The composition may also include a curative that includes, but is not limited to, an isocyanate compound, such as a diisocyanate, a polyisocyanate, or combinations thereof. By way of example only, the isocyanate may be hexamethylene diisocyanate (HMDI), isophorone diisocyanate (IPDI), dimeryl diisocyanate (DDI), tetramethylxylylene diisocyanate (TMXDI), octadecyl isocyanate (ODI), or combinations thereof, as well as water condensation reaction products thereof. During cure, isocyanate functional groups of the curative react with hydroxyl or other functional groups on the PFPE to form urethane linkages. The curative may be selected depending on the terminal functional groups present in the PFPE. In one embodiment, the curative is a mixture of IPDI and a polyisocyanate based on HMDI, such as DESMODUR® N100, where relative amounts of IPDI and DESMODUR® N100 may be varied depending on desired mechanical properties of the grains. DESMODUR® N100 is commercially available from Bayer MaterialScience (Pittsburgh, Pa.). In other embodiments, the curative includes DPI and ODI. A trifunctional alcohol, such as trimethylolpropane ethoxylate (TMPE) or triethylene glycol, may also be used as a crosslinking agent in combination with HMDI, IPDI, DDI, TMXDI, or combinations thereof. In another embodiment, the curative is a mixture of IPDI and TMPE, where the TMPE has an average molecular weight of about 170 amu. However, higher or lower molecular weights of TMPE may be used, such as TMPE having an average molecular weight of about 450 amu. The amount of curative in the composition may be selected based on the amount of PFPE used. By way of example only, the curative may be present in the composition at from about 1 wt % to about 40 wt %, from about 1 wt % to about 20 wt %, from about 1 wt % to about 15 wt %, from about 1 wt % to about 10 wt %, or from about 3 wt % to about 8 wt %. In embodiments where TMPE is used in combination with the isocyanate compound, the TMPE may be present in the composition at from about 0.1 wt % to about 10 wt %, such as from about 0.1 wt % to about 5 wt % or from about 0.1 wt % to about 4 wt %. The triethylene glycol may be present in the composition at from about 0.1 wt % to about 10 wt %. In some embodiments, the crosslinking agent is triethylene glycol.
Optional additives may be used in the composition to provide at least one of improved processing, improved sensitivity to ignition (thermal, electrostatic, friction, impact), and improved energetic performance to the composition.
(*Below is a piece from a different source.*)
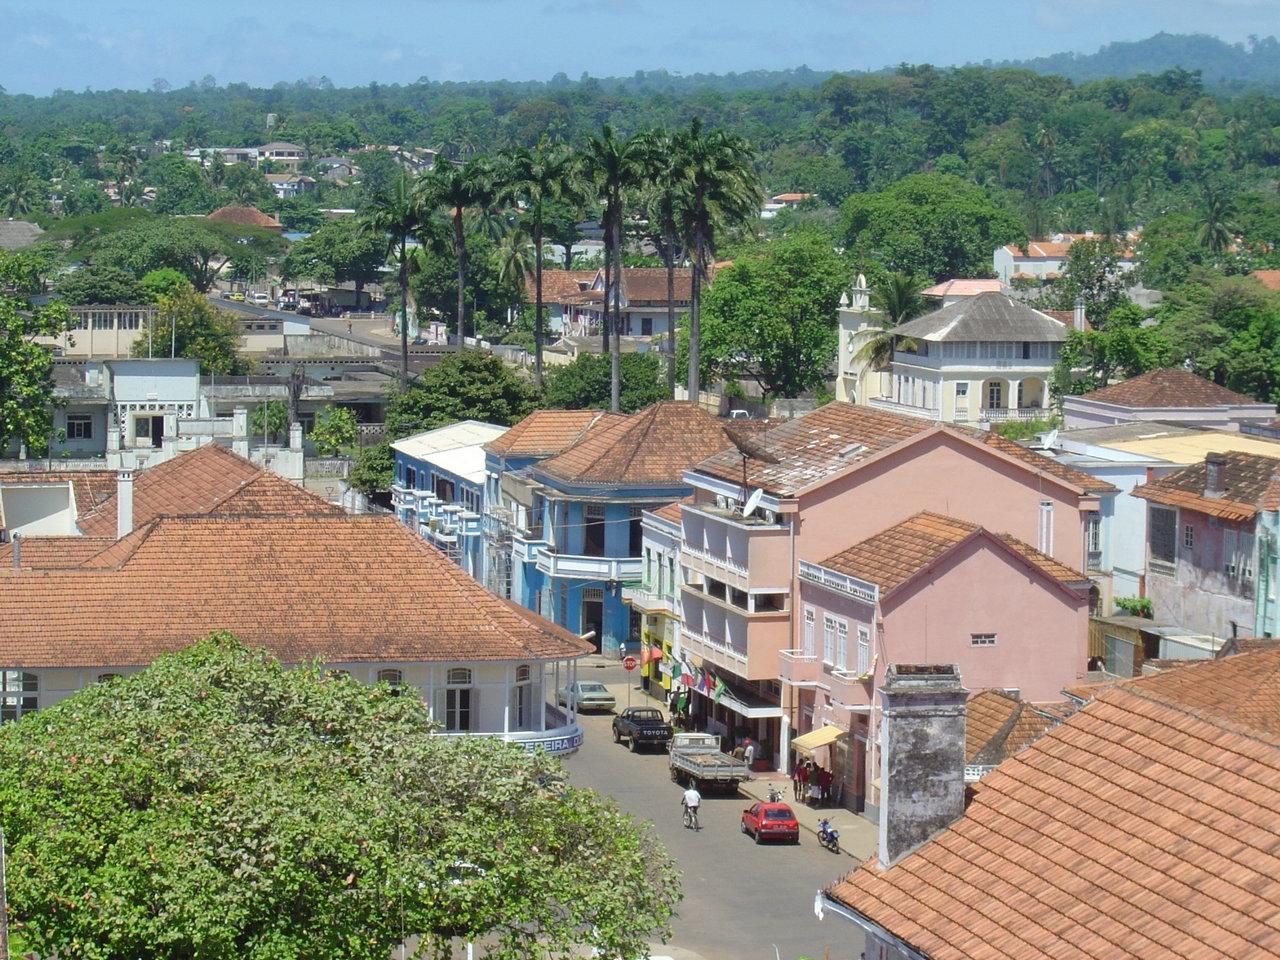 Особенности и достопримечательности Сан-Томе и Принсипи

The optional additive may be a plasticizer, an electrostatic discharge (ESD) agent, a cure catalyst, a carbon generator, a surfactant, a carbon additive, a burn rate catalyst, a metal chelator, a potlife extender, or combinations thereof. Each of the additives may provide one or more functions to the composition. The additives, if present, may account for less than about 12% of the composition, such as less than or equal to about 10% of the composition or less than or equal to about 5% of the composition. The plasticizer may include, but is not limited to, octadecyl isocyanate (ODI) and, if present, may account for from about 0.1 wt % to about 1 wt % of the composition.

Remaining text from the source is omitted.